Records supplied:
=== Section Start ===

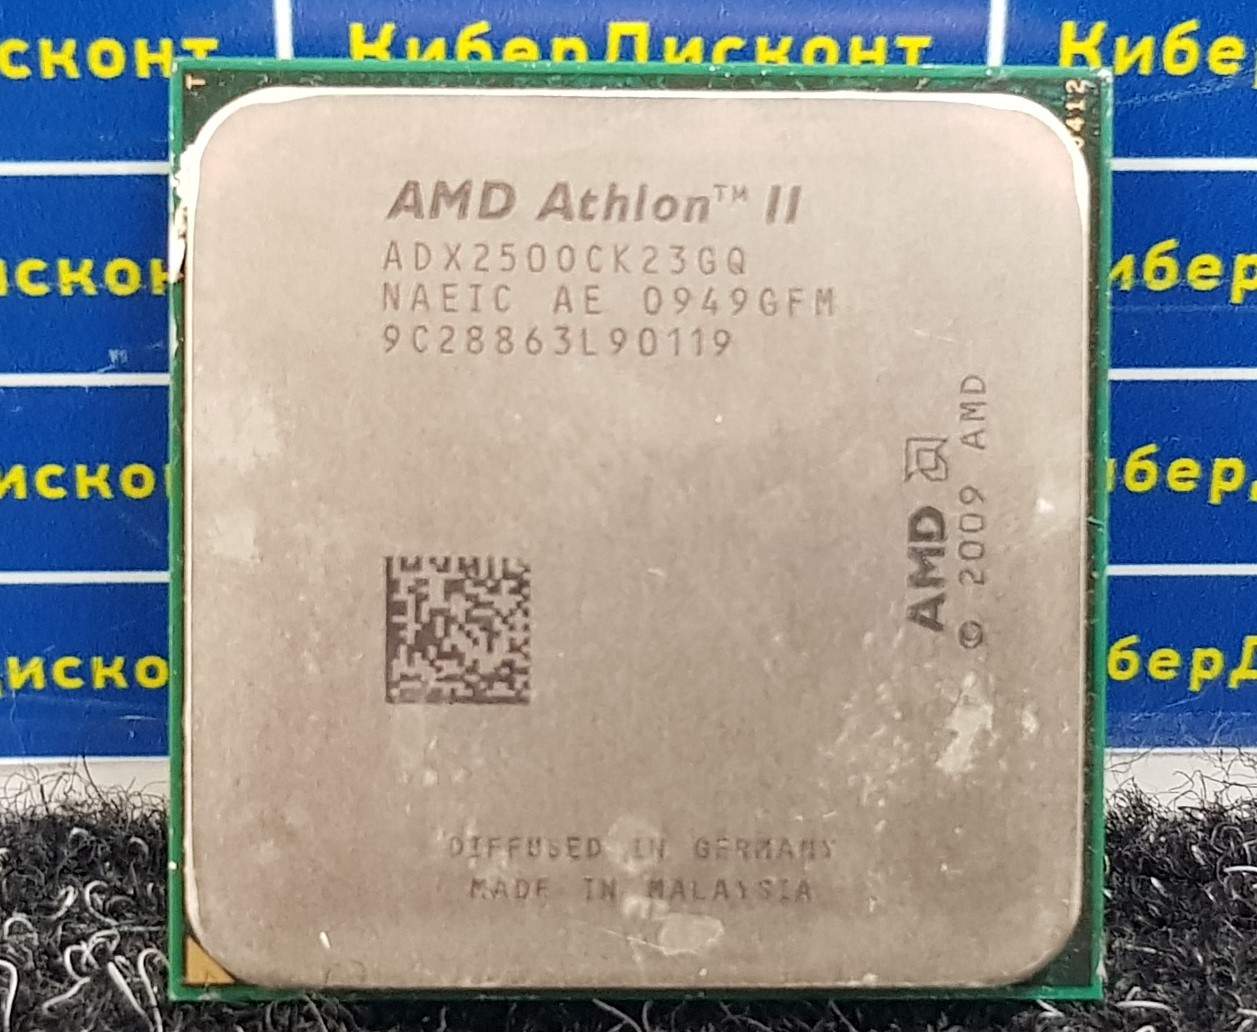 Athlon x2 сокет. Athlon II x2 250 сокет. Процессор AMD Athlon 2 x2. AMD Athlon 2 x2 250 Processor. Процессор АМД Атлон 2.
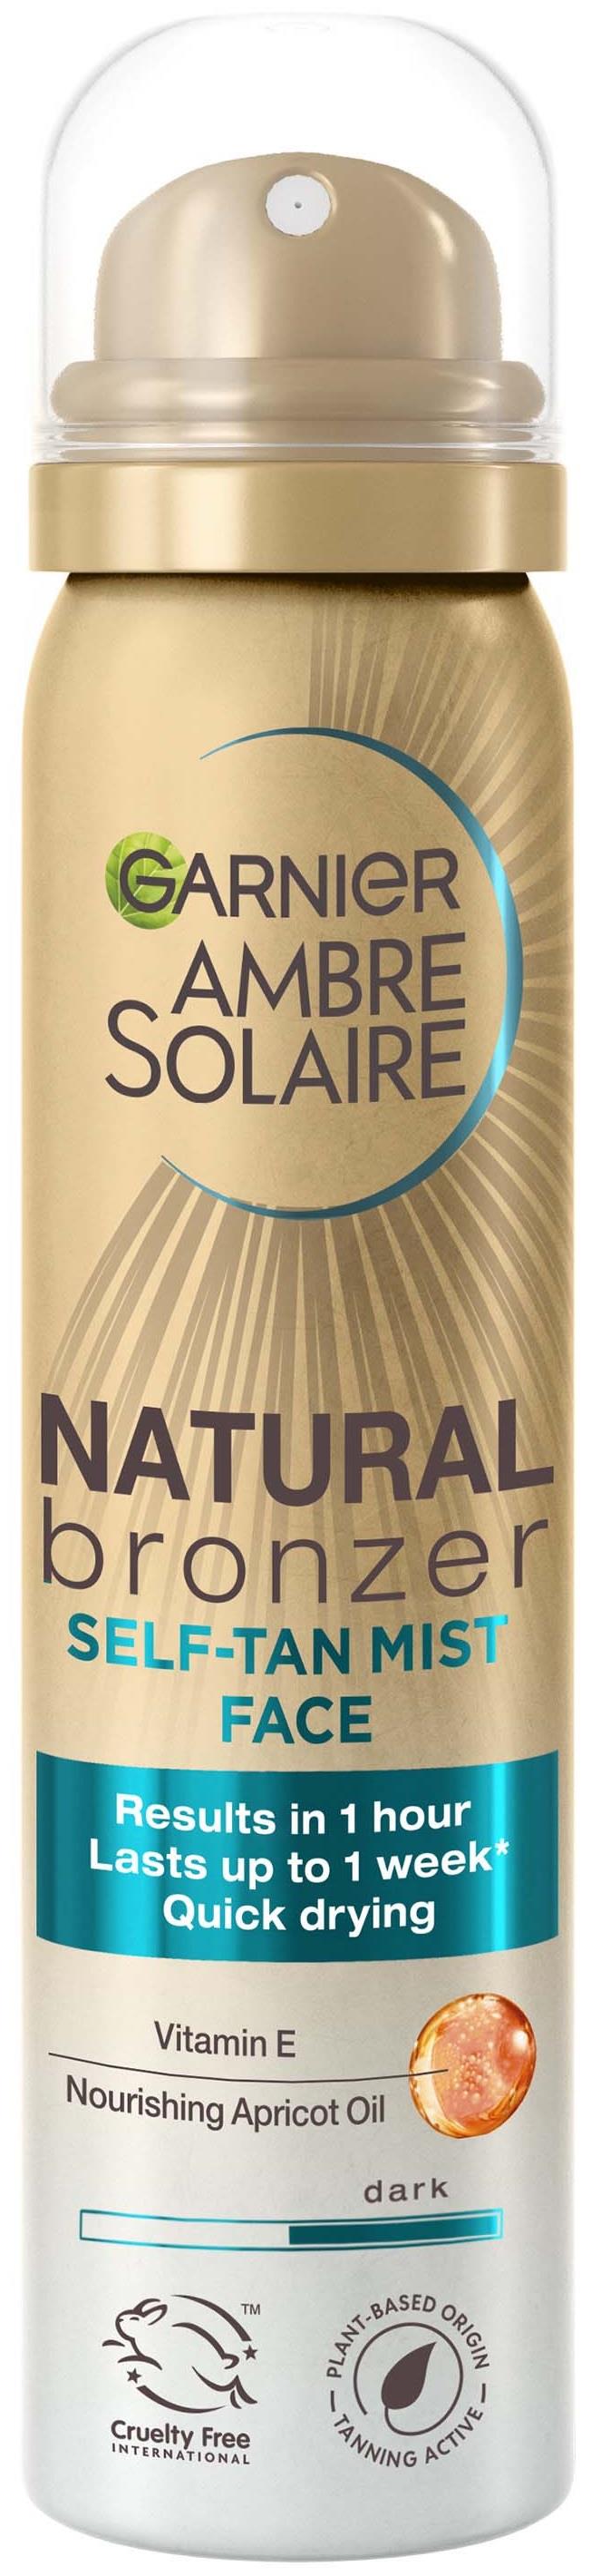 Garnier Ambre Solaire Natural Bronzer Mist Tan Self Face ml 75
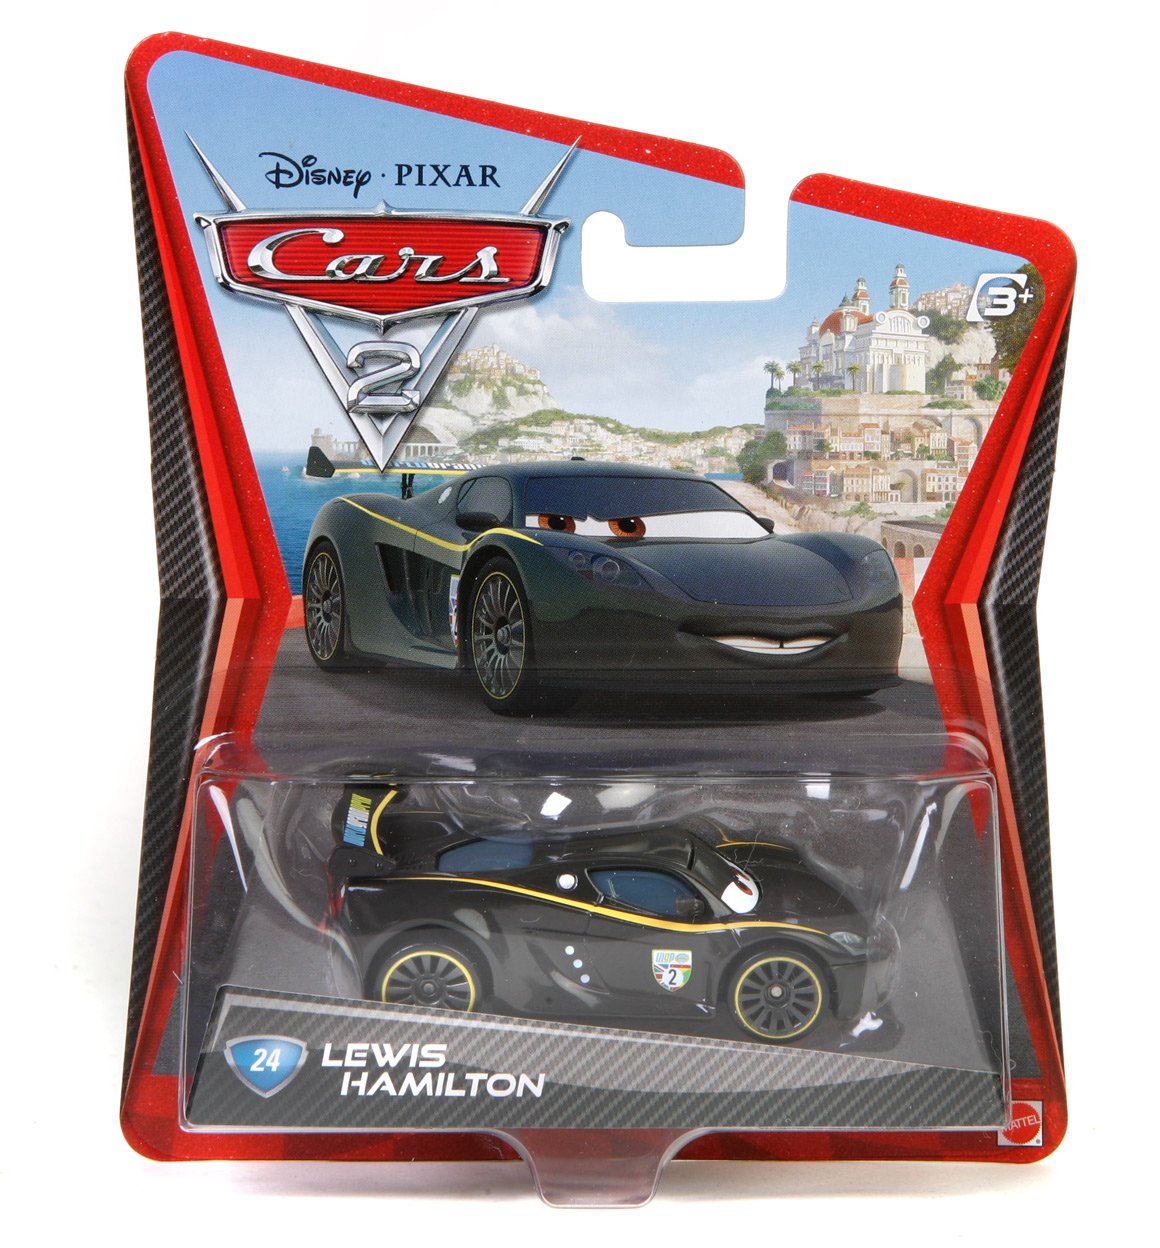 Disney/Pixar Cars 2 Movie Lewis Hamilton #24 1:55 Scale
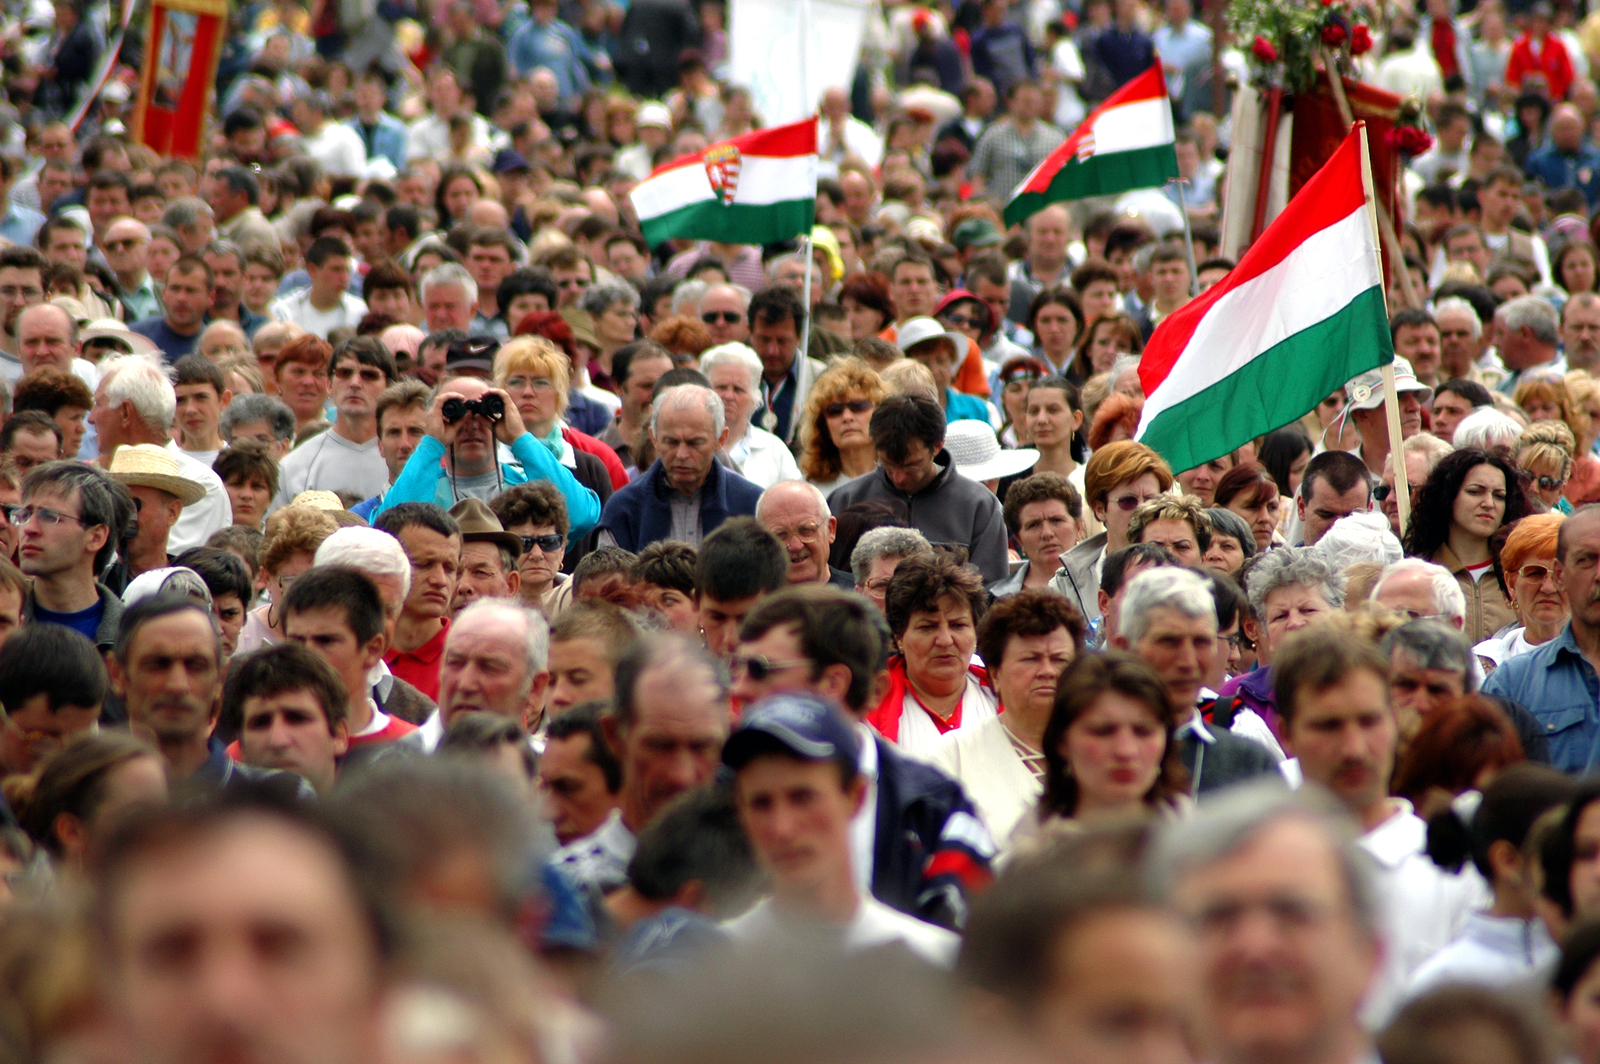 New report reveals Hungary's creeping influence on Transylvania media market - Emerging Europe
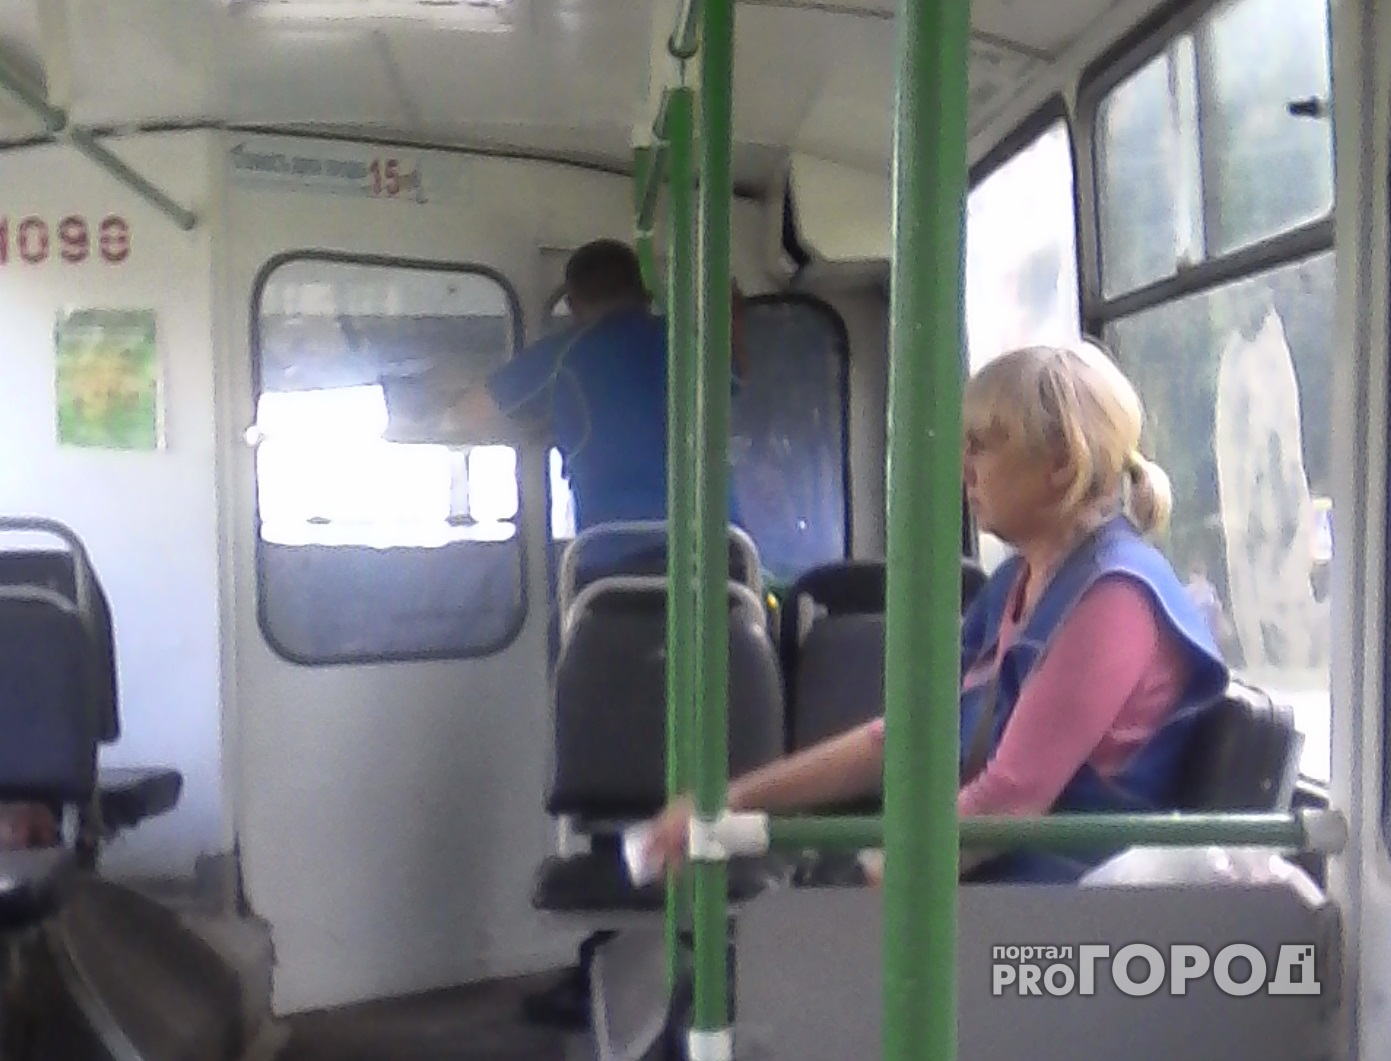 В Новочебоксарске "заяц" напал с кулаками на водителя троллейбуса

=== Section End ===

Exercise description:
When a record holds a picture, leave that picture out; copy the rest verbatim.

Response:
 Athlon x2 сокет. Athlon II x2 250 сокет. Процессор AMD Athlon 2 x2. AMD Athlon 2 x2 250 Processor. Процессор АМД Атлон 2.
 Garnier Ambre Solaire Natural Bronzer Mist Tan Self Face ml 75
 Disney/Pixar Cars 2 Movie Lewis Hamilton #24 1:55 Scale
 New report reveals Hungary's creeping influence on Transylvania media market - Emerging Europe
 В Новочебоксарске "заяц" напал с кулаками на водителя троллейбуса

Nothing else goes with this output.